When President Washington in 1789 appointed Hamilton the first secretary of the Treasury, Congress asked him to draw up a plan for the “adequate support of the public credit.” Envisaging himself as something of a prime minister in Washington's official family, Hamilton developed a bold and masterly program designed to build a strong union, one that would weave his political philosophy into the government. His immediate objectives were to establish credit at home and abroad and to strengthen the national government at the expense of the states. He outlined his program in four notable reports to Congress (1790?91).

In the first two, Reports on the Public Credit, which he submitted on Jan. 14, 1790, and Dec. 13, 1790, he urged the funding of the national debt at full value, the assumption in full by the federal government of debts incurred by the states during the Revolution, and a system of taxation to pay for the assumed debts. His motive was as much political as economic. Through payment by the central government of the states' debts, he hoped to bind the men of wealth and influence, who had acquired most of the domestically held bonds, to the national government.

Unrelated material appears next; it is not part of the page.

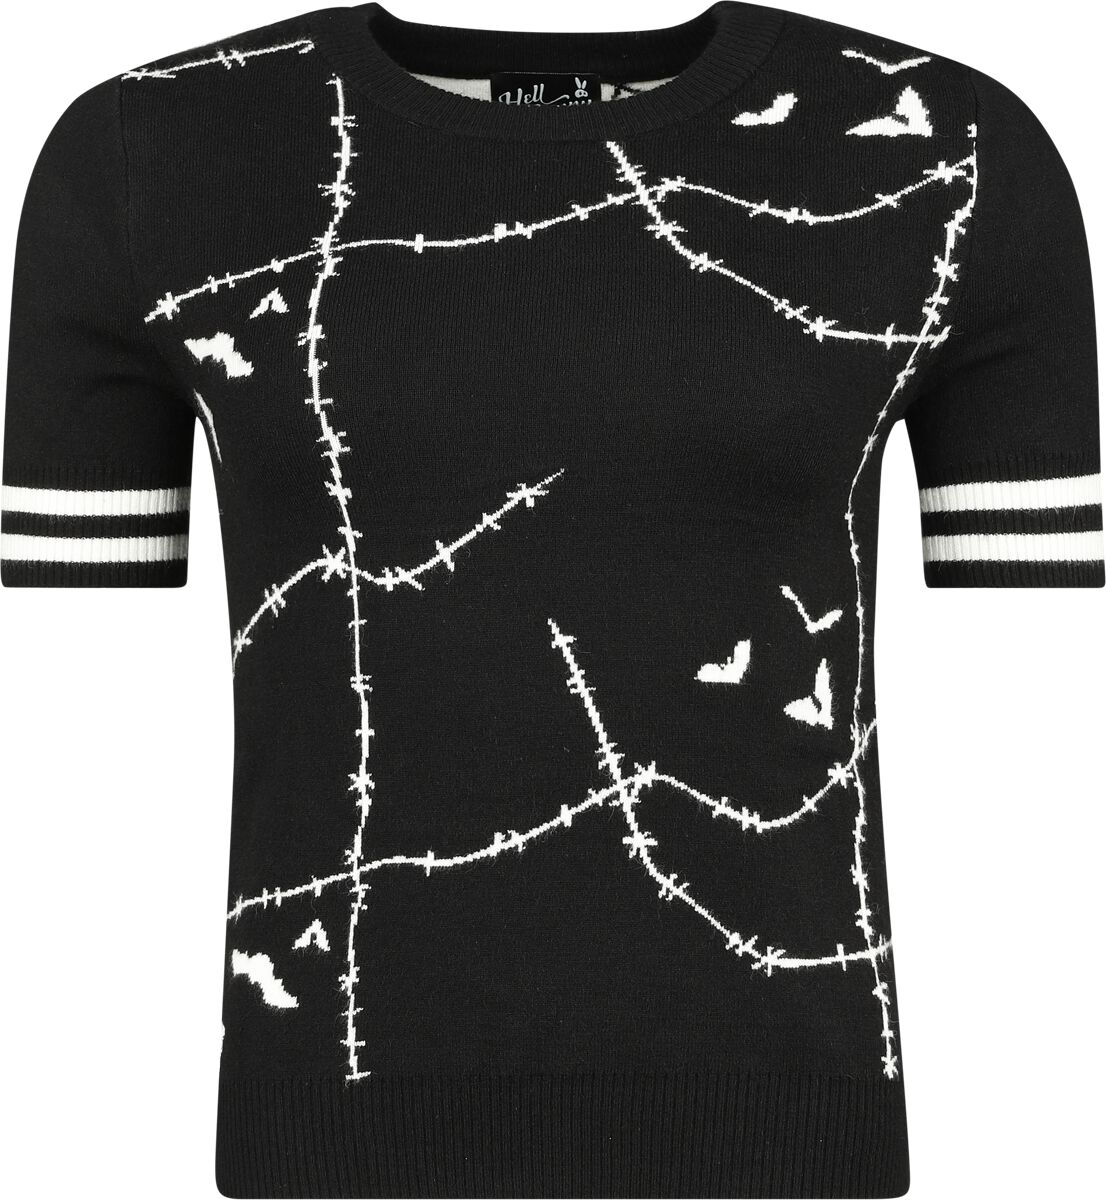 Hell Bunny Stitches Top T-Shirt schwarz weiß in XS

But such powerful opposition arose to the funding and assumption scheme that Hamilton was able to push it through Congress only after he had made a bargain with Thomas Jefferson, who was then secretary of state, whereby he gained Southern votes in Congress for it in exchange for his own support in locating the future national capital on the banks of the Potomac.

Hamilton's third report, the Report on a National Bank, which he submitted on Dec. 14, 1790, advocated a national bank called the Bank of the United States and modeled after the Bank of England. With the bank, he wished to solidify the partnership between the government and the business classes who would benefit most from it and further advance his program to strengthen the national government. After Congress passed the bank charter, Hamilton persuaded Washington to sign it into law. He advanced the argument that the Constitution was the source of implied as well as enumerated powers and that through implication the government had the right to charter a national bank as a proper means of regulating the currency. This doctrine of implied powers became the basis for interpreting and expanding the Constitution in later years. In the Report on Manufactures, the fourth, the longest, the most complex, and the most farsighted of his reports, submitted on Dec. 5, 1791, he proposed to aid the growth of infant industries through various protective laws. Basic to it was his idea that the general welfare required the encouragement of manufacturers and that the federal government was obligated to direct the economy to that end. In writing his report, Hamilton had leaned heavily on The Wealth of Nations, written in 1776 by the Scottish political economist Adam Smith, but he revolted against Smith's laissez-faire idea that the state must keep hands off the economic processes, which meant that it could provide no bounties, tariffs, or other aid. The report had greater appeal to posterity than to Hamilton's contemporaries, for Congress did nothing with it.